• _Task to carry out_:
Print the data below verbatim, minus images.

··· The data

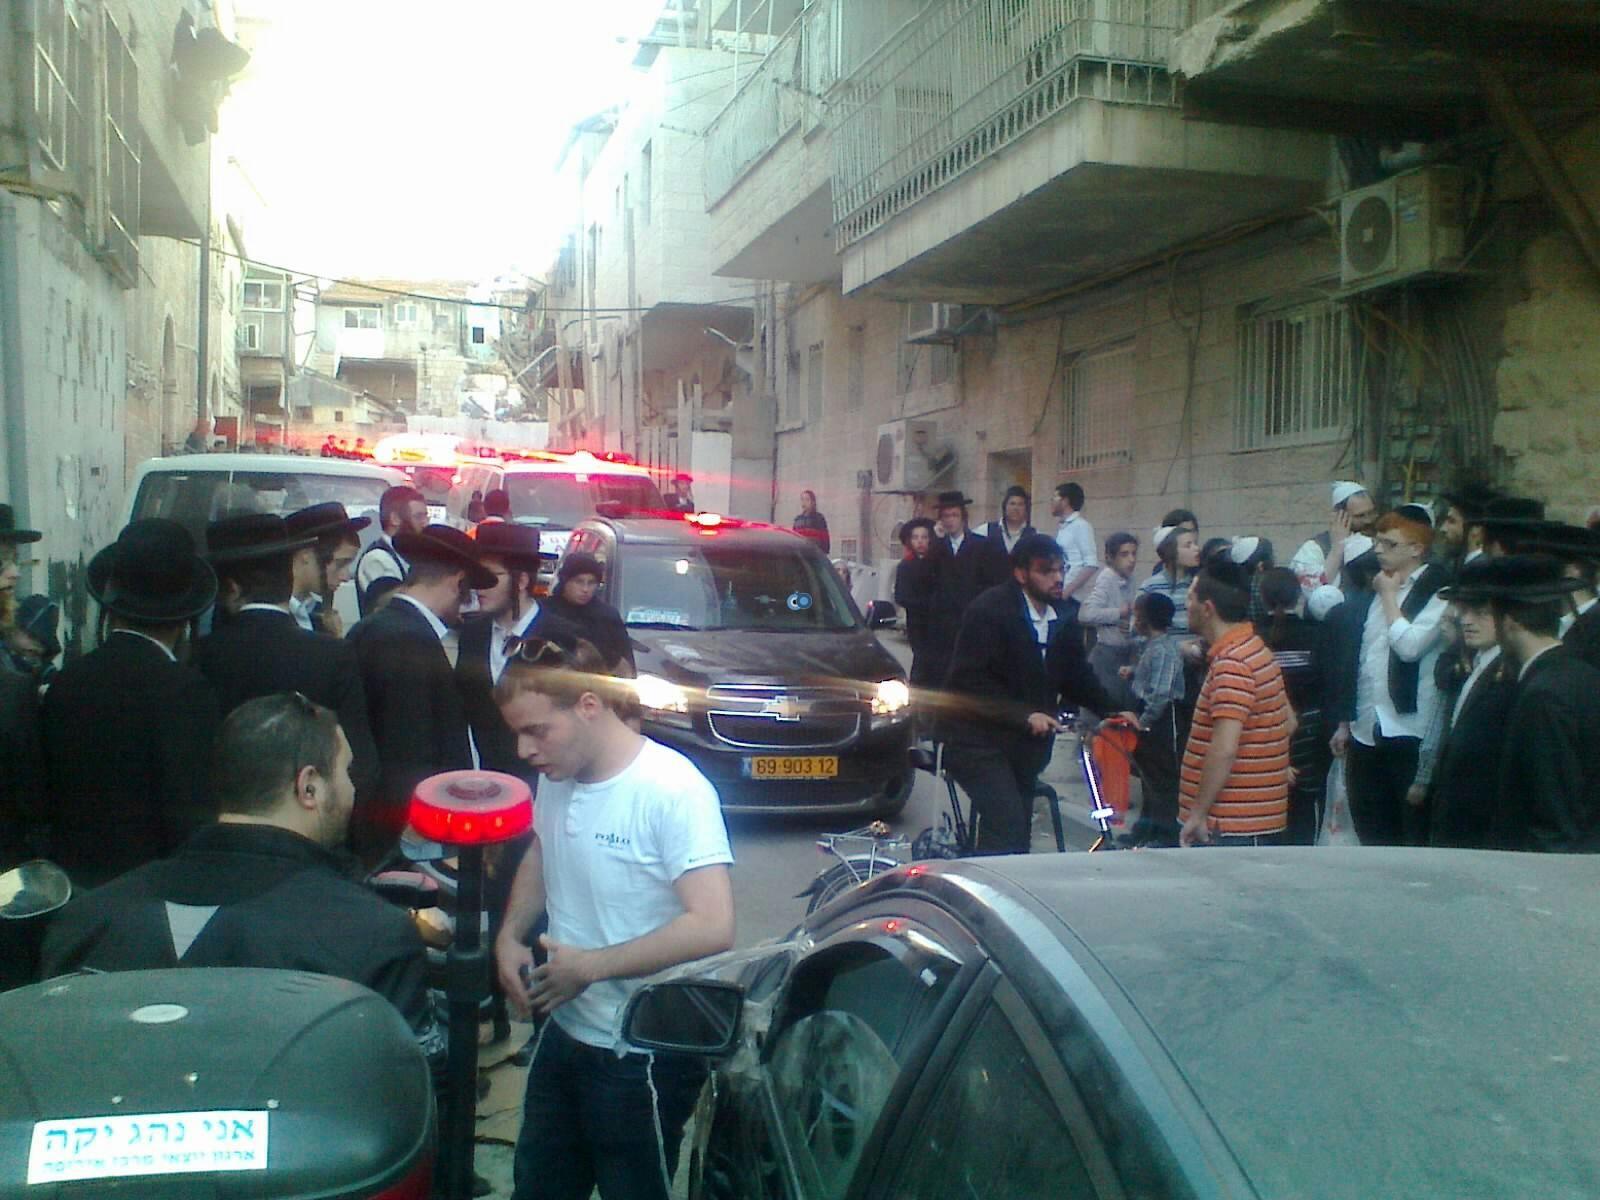 ילד פצוע בינוני מרכב מאה שערים צילם שלמה טרוייבן 24 (7)
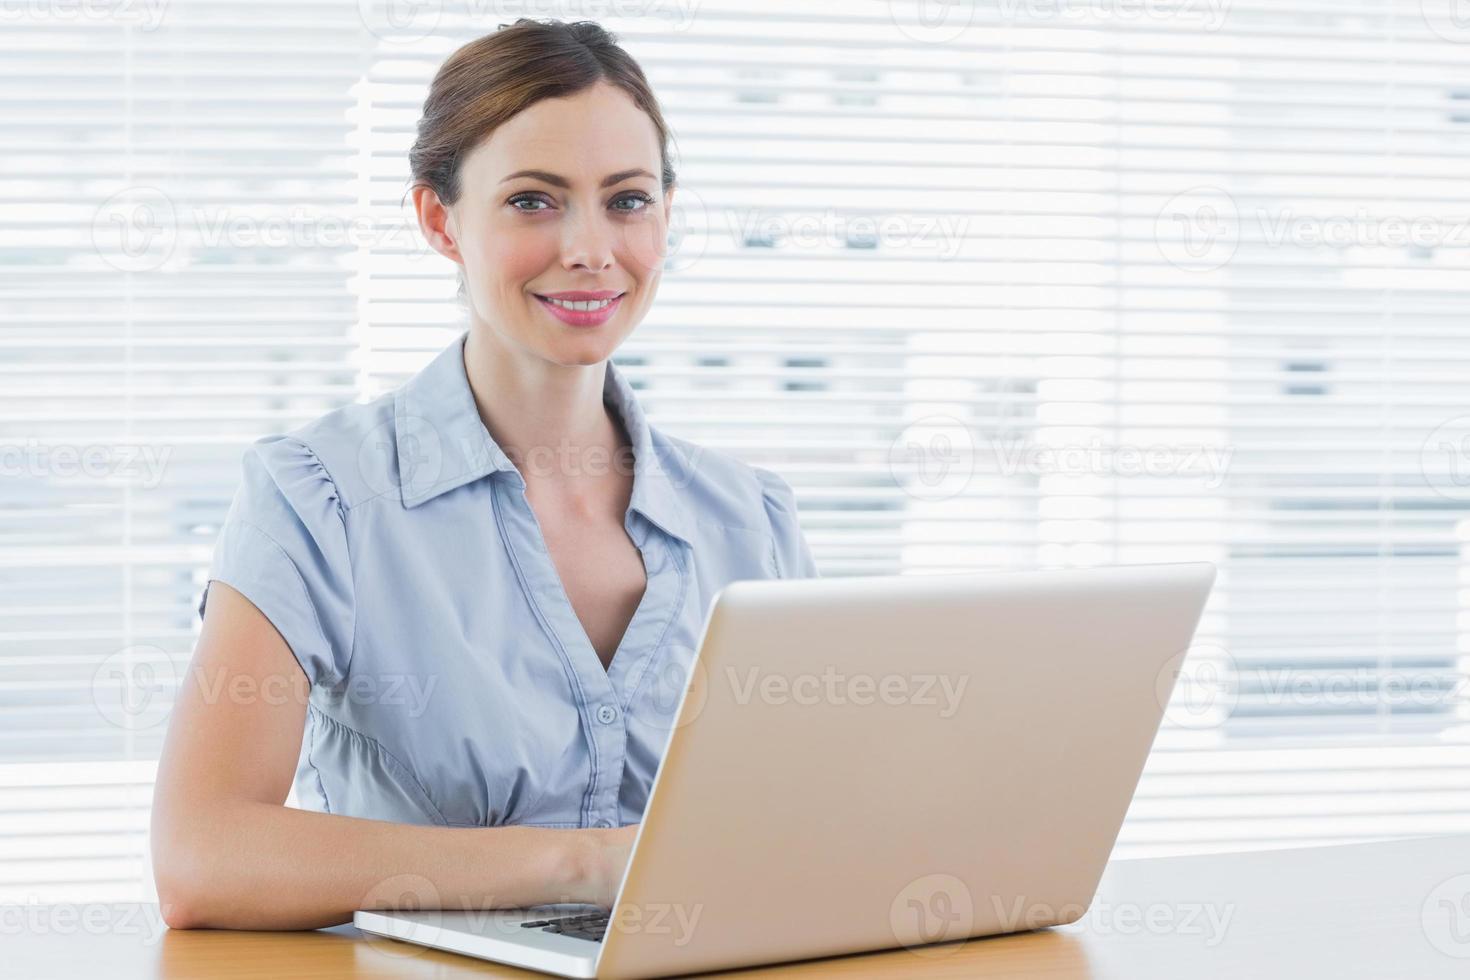 giovane imprenditrice sorridendo foto
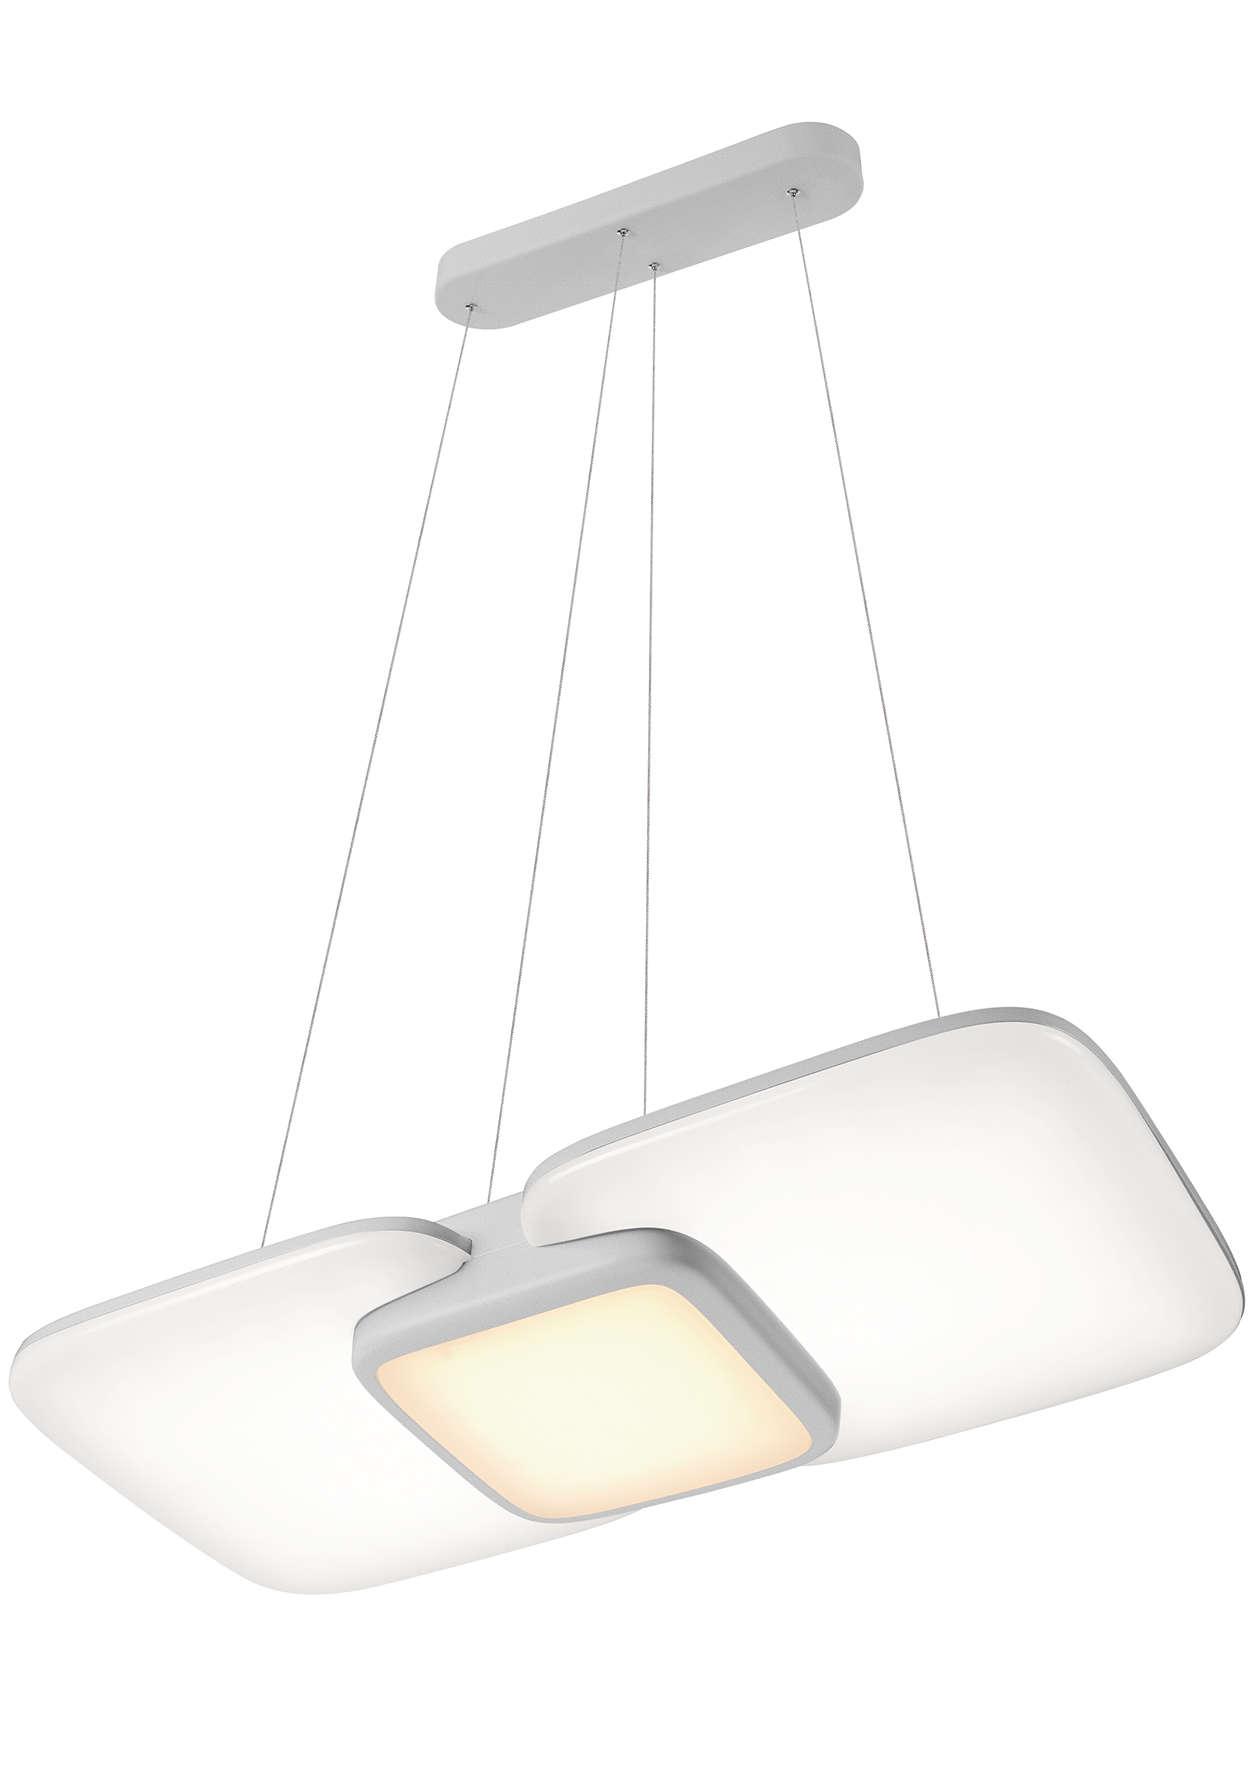 Качественные световые решения для уютной атмосферы в доме

······

• _Answer to this exercise_:
 ילד פצוע בינוני מרכב מאה שערים צילם שלמה טרוייבן 24 (7)
 giovane imprenditrice sorridendo foto
 Качественные световые решения для уютной атмосферы в доме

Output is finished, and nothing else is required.